Malheureusement, le plus souvent, la discipline ne réussit pas à supprimer le péché et à créer la liberté. La discipline mal exercée pousse les gens dans les ténèbres alors que si elle est bien exercée elle les conduit dans la lumière, car Christ est mort et ressuscité pour la liberté. Dans une Église où les responsables trouvent la manière d'aider les membres à se dégager du péché, sans les attacher de chaînes, la discipline crée la liberté. "Là où est l'Esprit du Seigneur, là est la liberté" (2 Co 3.17).
MATTHIEU 18
L'auteur nous fait remarquer que le texte clé des Évangiles sur la discipline suit de près la parabole de l'homme qui a laissé ses 99 brebis pour chercher celle qui était perdue.

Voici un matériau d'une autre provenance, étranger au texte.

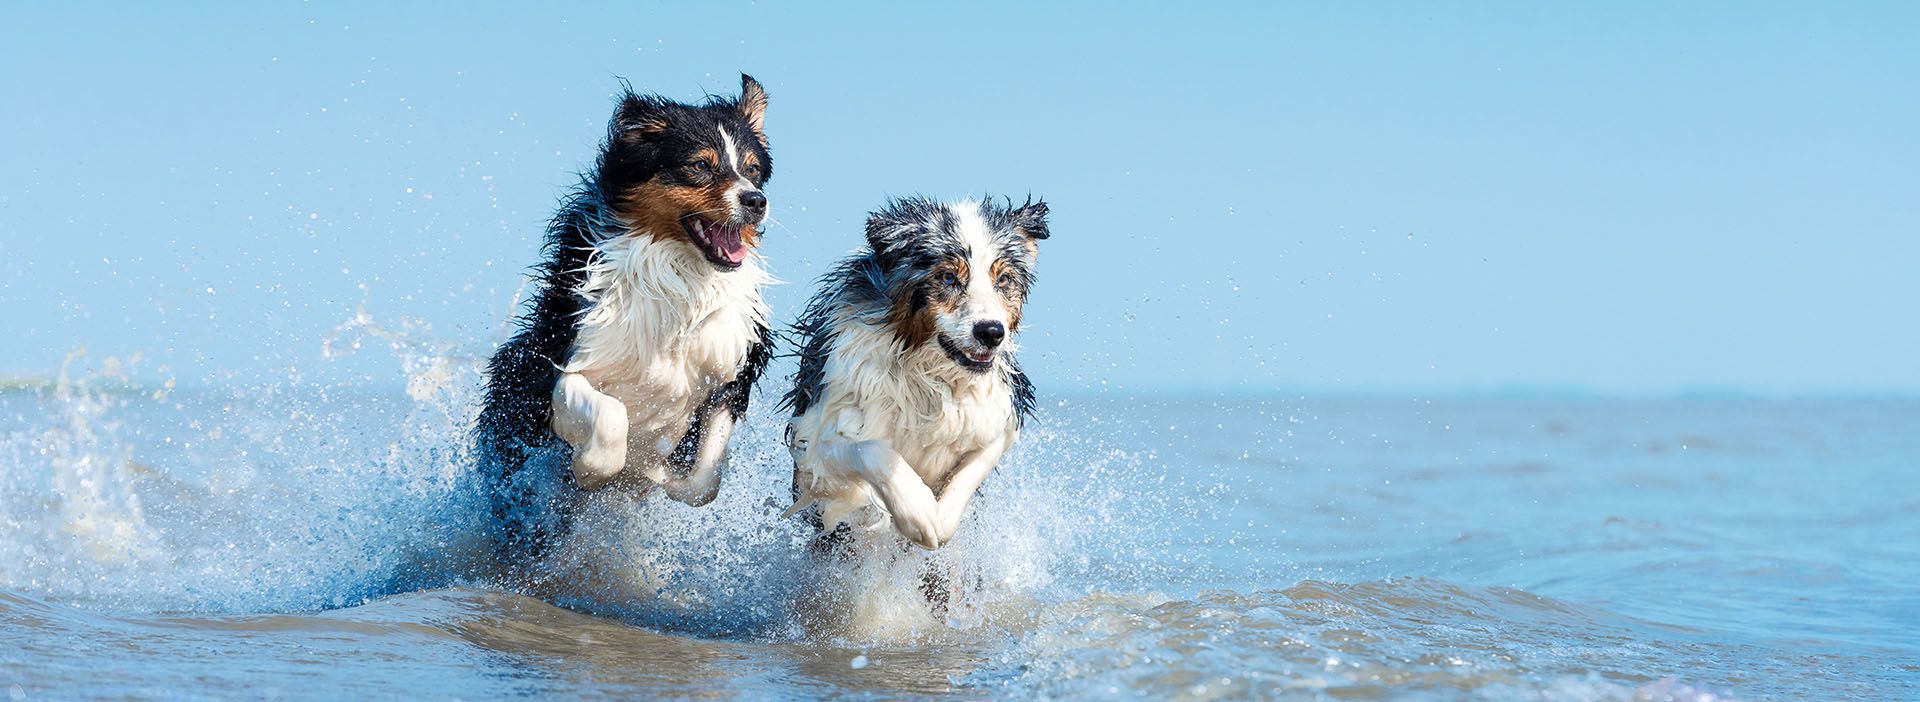 Hunde springen durchs Wasser
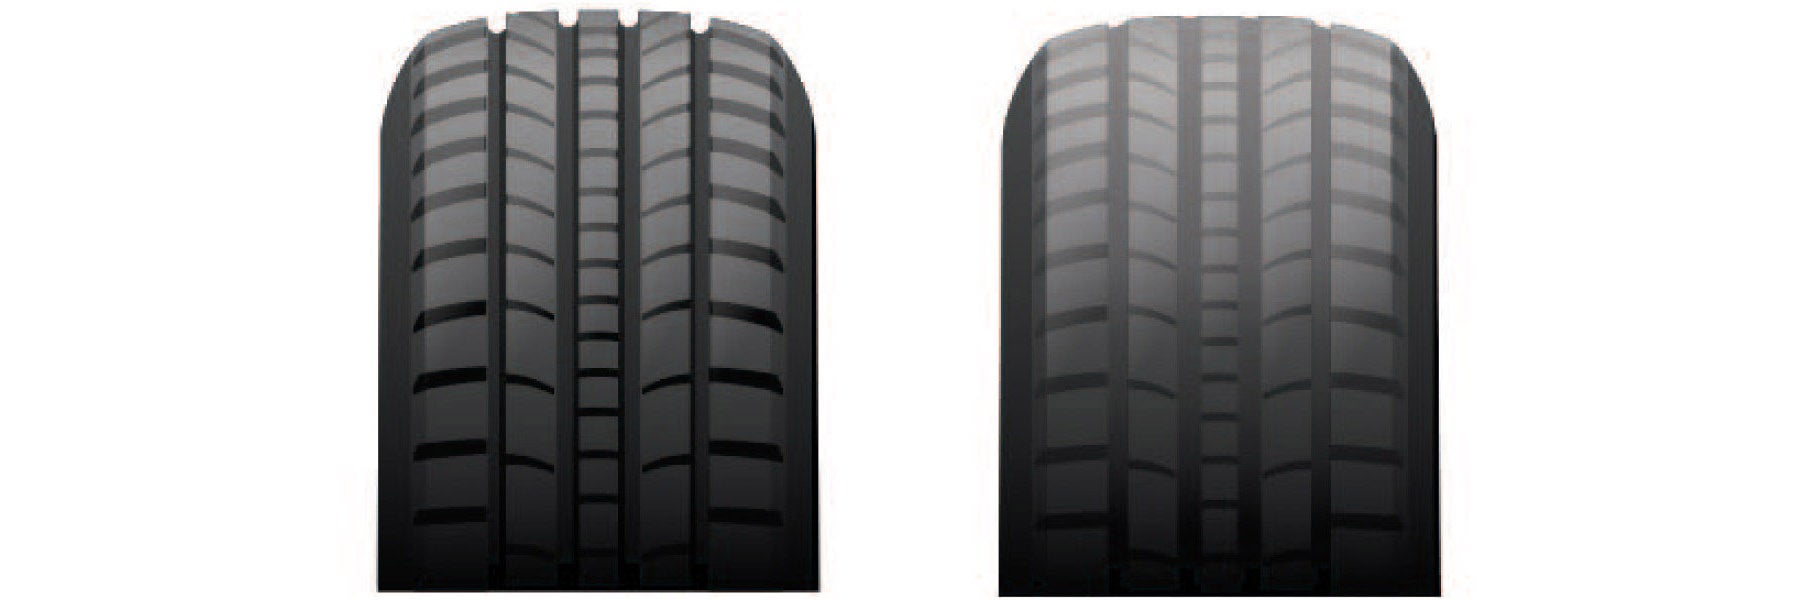 Tire tread depth comparison at Crain Kia of Conway in Conway AR

La réconciliation est donc centrale pour le texte. Le plus souvent dans notre lecture, nous passons à côté d'une leçon importante : nous pensons au malheur de celle qui est perdue et non pas à la peine du berger. Ce qui est perdu l'a été par quelqu'un... cela manque à son propriétaire. La parabole devrait s'intituler "le berger qui cherche"... (et qui se réjouit de trouver sa brebis).